Update app.py

Remove the file I/O functions from app.py and rewrite main() to accept a folder

💻

Writing code and entering commands is only available on desktop. Open this page on a larger screen to complete this chapter.

Now that files.py owns all file I/O, app.py can be cleaned up. Three things need to change:

Remove the moved functions. list_files, read_file, and index_folder now live in files.py. The SUPPORTED_EXTENSIONS constant moved there too. Keeping these in app.py would create two copies that could drift out of sync.

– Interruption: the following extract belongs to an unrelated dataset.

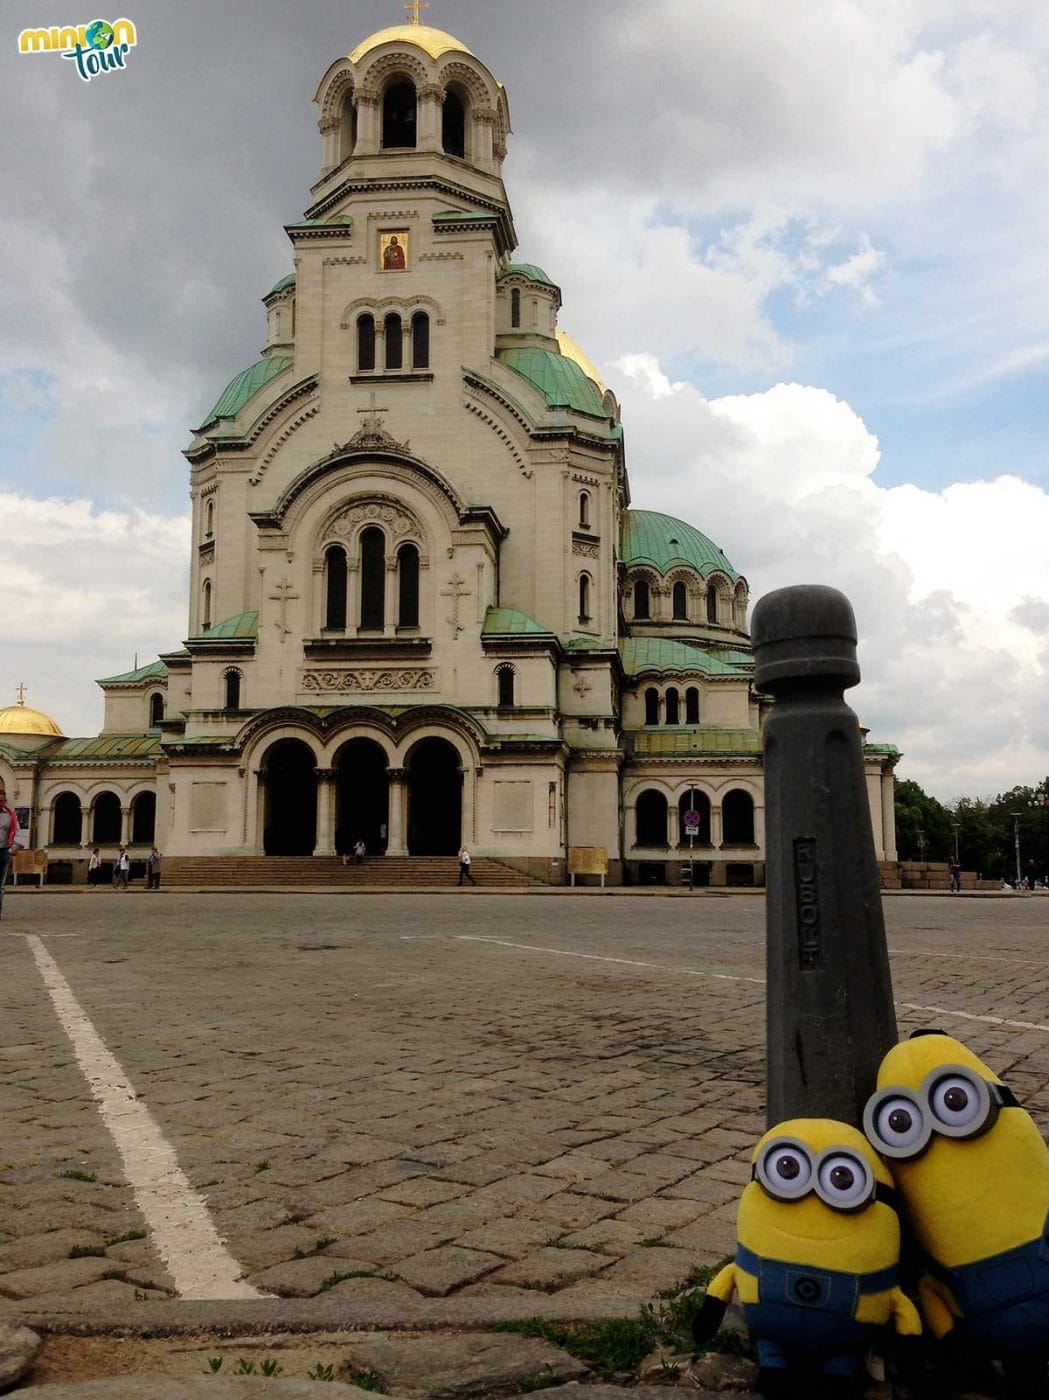 La Catedral de Aleksander Nevsky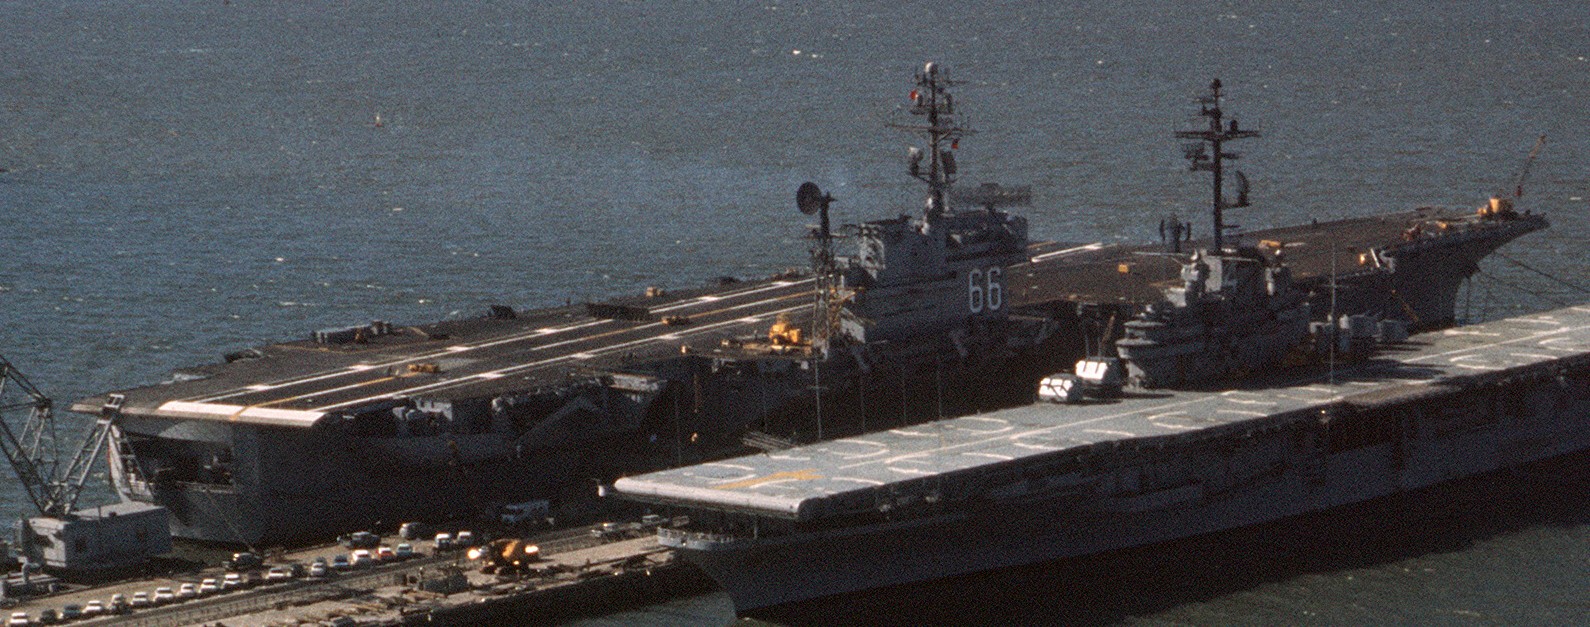 cv-66 uss america kitty hawk class aircraft carrier us navy norfolk 1969 11

Remove the PDF-specific code. The original app.py was built around PDFs — extract_text uses pypdf, chunk_text splits raw text, and print_result displays answers. None of these belong in the new folder-based assistant. import pypdf goes away with them.

Rewrite main(). The new version accepts a folder path instead of a PDF path and a question. It calls index_folder from files.py to get structured chunks, then extracts the plain text strings before embedding.

Notice that embed_all_chunks now takes texts (plain strings extracted from the chunk dicts) instead of the dicts themselves. main() extracts them with [chunk["text"] for chunk in chunks] before passing them to embed_all_chunks.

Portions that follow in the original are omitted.